At that I burst out laughing. “Infer what you like and be hanged to you.”

“You may find this is no laughing matter, sir,” he cried, getting white with anger.

“And so may you, magistrate though you are. Kidnapping Englishmen is not a game your Government can play at with impunity, my friend.”

“I shall send for M. Volheno,” he said as he rose; “and in the meantime shall detain you here on my own responsibility.”

And with that he favoured me with a scowl and went out of the room, leaving me to speculate where I was going to finish the night.

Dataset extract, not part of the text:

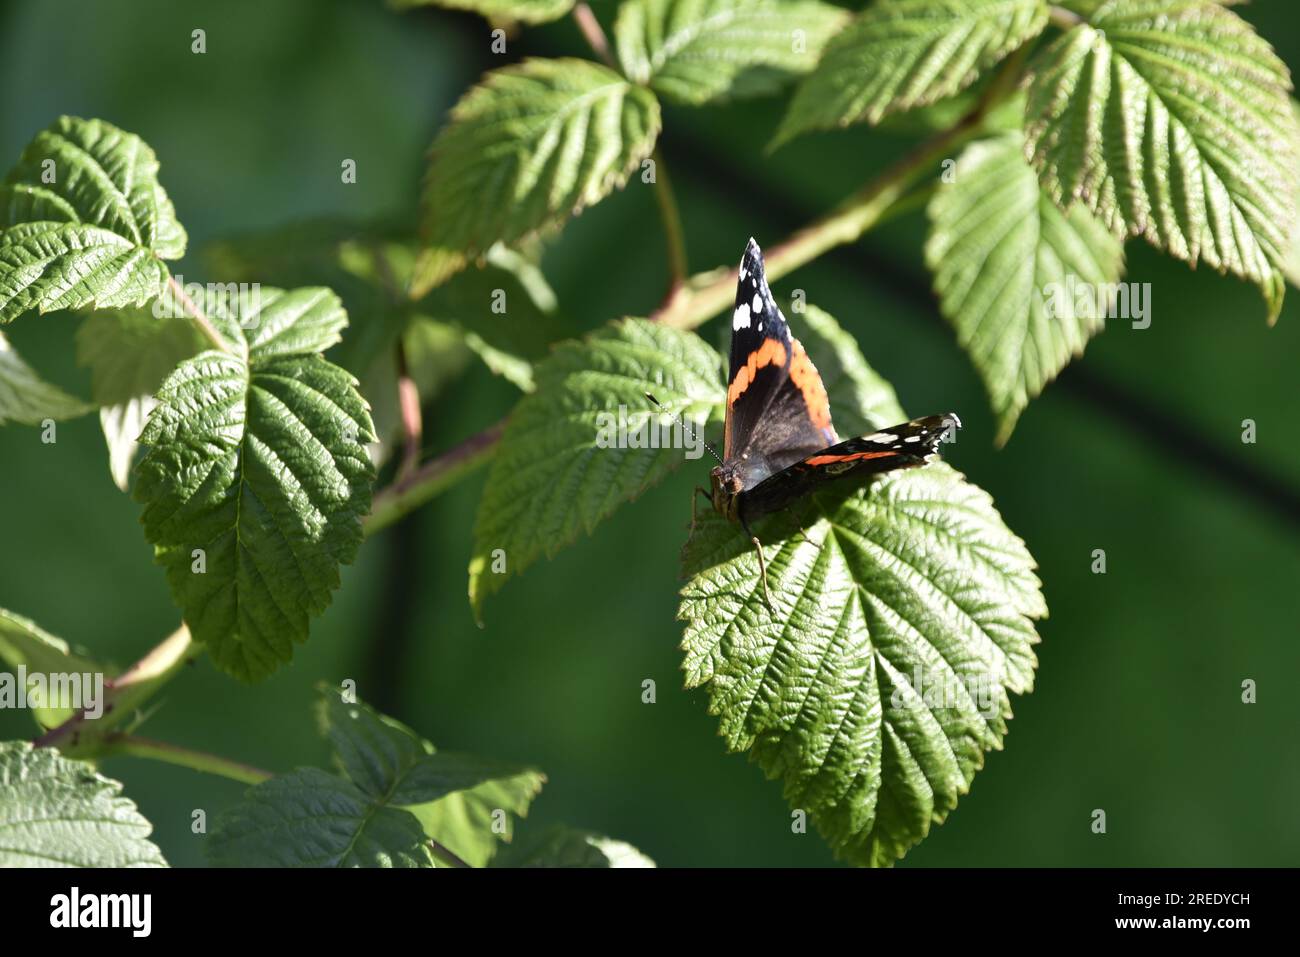 Immagine ravvicinata di una Red Admiral Butterfly (Vanessa atalanta) rivolta verso una fotocamera da una soleggiata foglia di lampone, con le ali aperte, a destra dell'immagine, nel Regno Unito Foto Stock
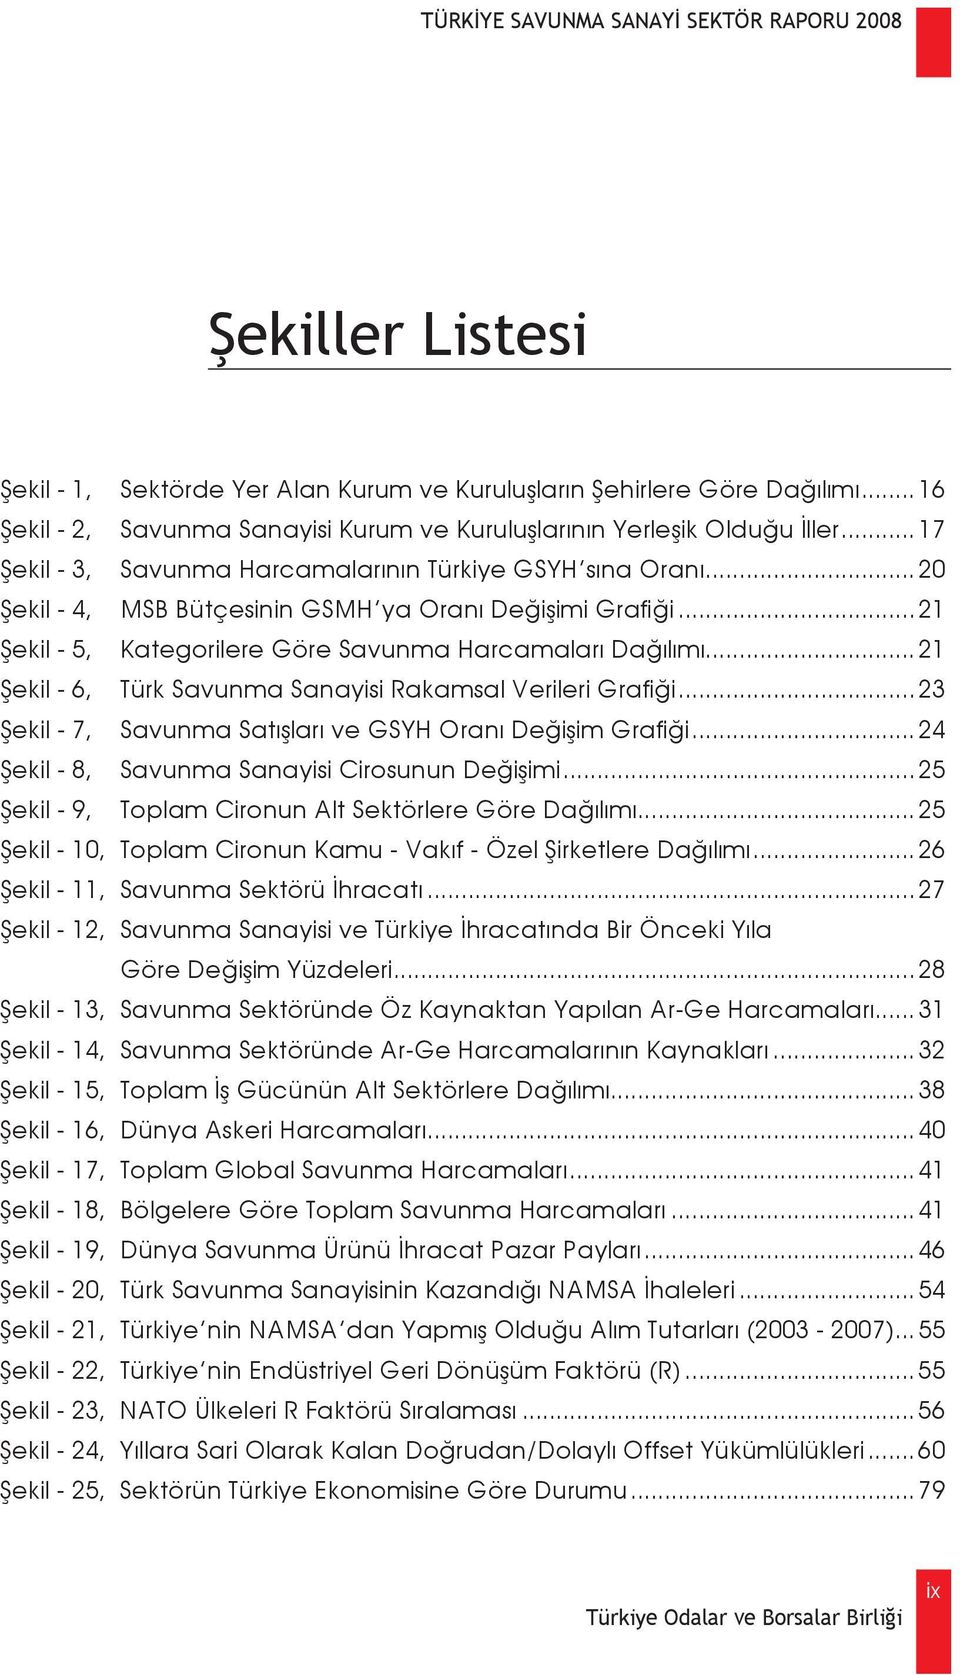 ..21 Şekil - 6, Türk Savunma Sanayisi Rakamsal Verileri Grafiği...23 Şekil - 7, Savunma Satışları ve GSYH Oranı Değişim Grafiği...24 Şekil - 8, Savunma Sanayisi Cirosunun Değişimi.

The odds appeared to be in favour of a prison cell rather than my own bed.

CHAPTER X
A DRASTIC TEST

THE matter was obviously more serious than I had at first believed; and I realized that, as the authorities were aware that I knew Barosa and Inez were really revolutionaries, I might have some difficulty in convincing them that my knowledge had been innocently obtained. And two unpleasant possibilities loomed ahead.

This hot-headed magistrate, if left to himself, might pack me off to one of their prisons; and any one who has seen a Portuguese prison will understand my dread of such a step.

The condition of these dens of filth, wretchedness, and abomination is a black stain upon the Portuguese administration. Take the lowest and dirtiest type of the worst doss-house in London, multiply its foulest features ten times, overcrowd it with verminous brawling scum to two or three times the extent of what you would consider its utmost limit of accommodation, and stir up the whole with gaoler-bullies who have all graduated with the highest honours in the school of brutality and blackguardism; and you have a typical Portuguese gaol.